This past week, while I tried to ferret a post-rut elk from Wyoming steeps, warm, bright days pushed bulls into forest hidey-holes. They might as well have been on the moon. Hope inspired by occasional piping was soon dashed by silence. My one chance came after a taxing start-and-stop sneak in a gorge laced by jumbles of bleached boles from the fires of ’88.
“You blasted a limb,” said my companion.
I hadn’t seen a limb. The bead hid much of the elk’s chest. A scope might have helped. We searched anyway, of course. My bullet had indeed strayed.
“I once had to wait over an hour for a shot,” mused my friend, as if mine might have been hurried. A predator hunter, he’d tracked a lion through snowy Dakota badlands to a cave. “I could see eyes.

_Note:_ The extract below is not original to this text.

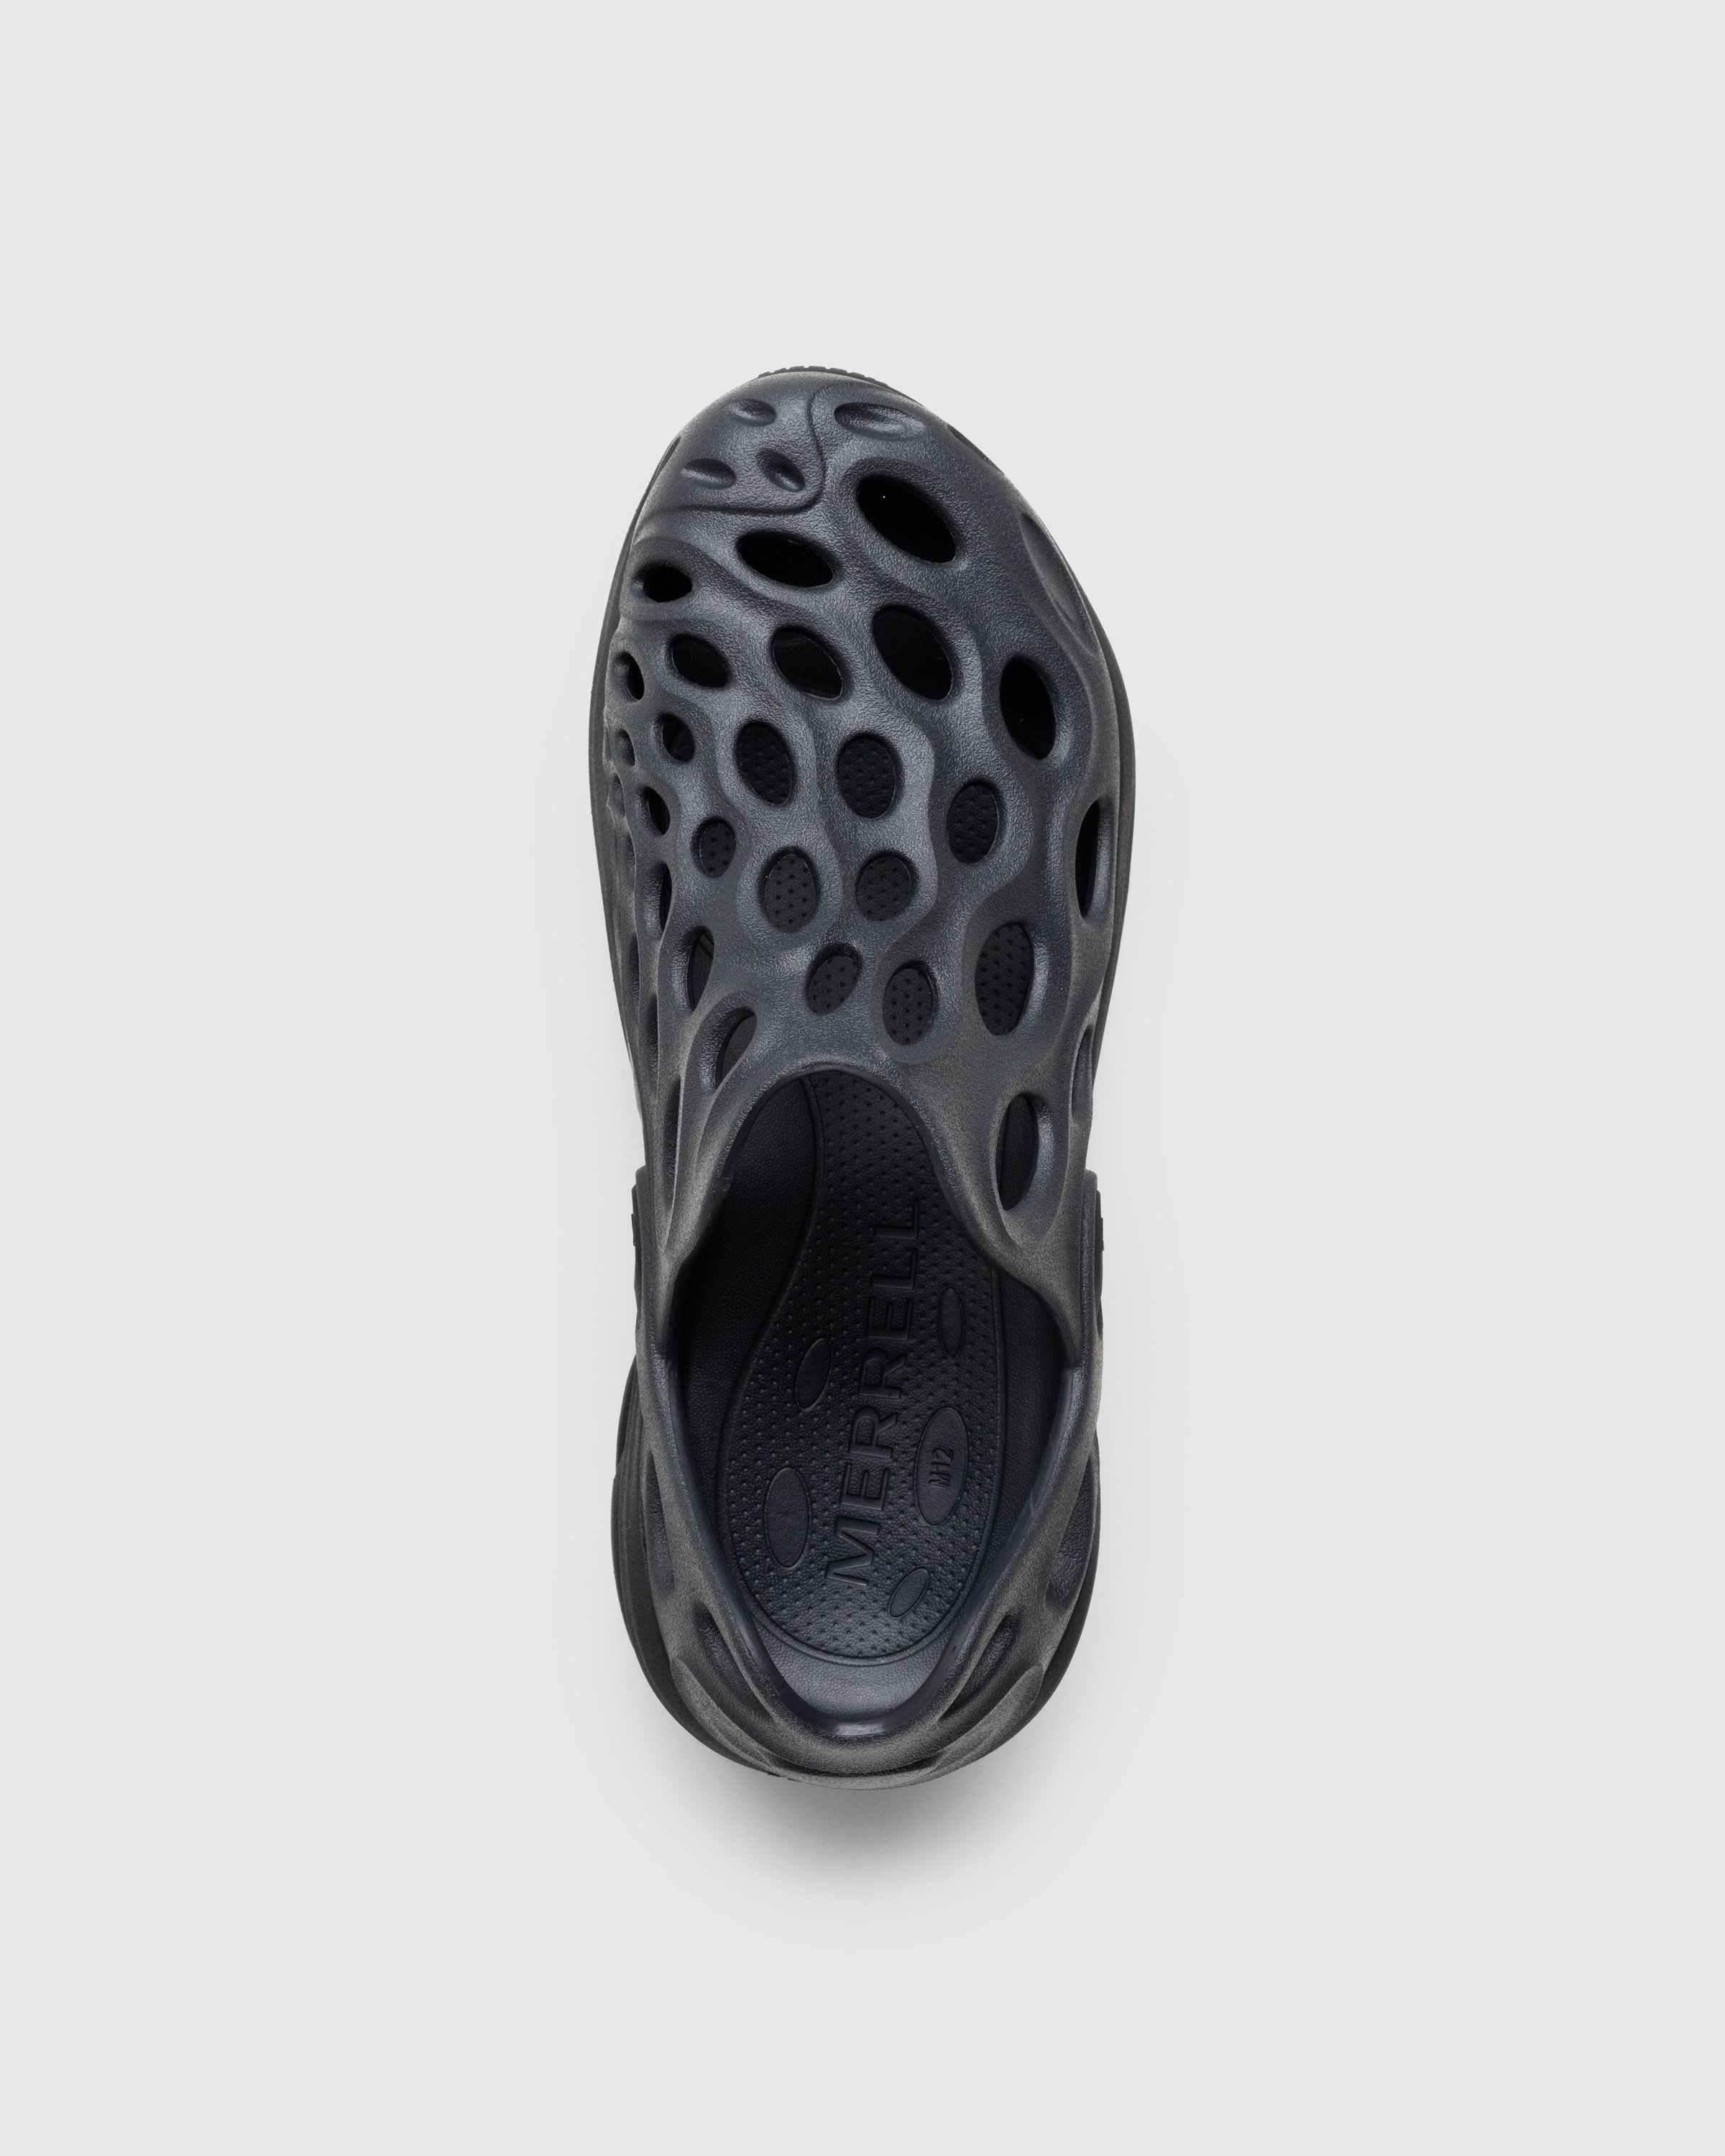 Merrell - HYDRO NEXT GEN MOC SE/TRIPLE BLACK - Footwear - Black - Image 5

But all else was so dark I couldn’t tell how the body lay.” He telephoned a veteran cat hunter, who advised: “Just stand in front of the cave so the lion doesn’t slip by you. The sun will eventually move enough to give you light for a shot.” It did.
His tale brought to mind a cat cornered by Grancel Fitz, who in 1928 committed to taking a mature specimen of every North American big-game animal. “The hounds were barking at the mouth of a cave,” he wrote. The 4-foot opening fronted a deeper tunnel. Fitz handed his friend a failing flashlight. “We saw into that hole only by lying prone. …” Eyes adjusting to the dark, Fitz spied the cat’s “hind end and tail.” He tried a spine shot.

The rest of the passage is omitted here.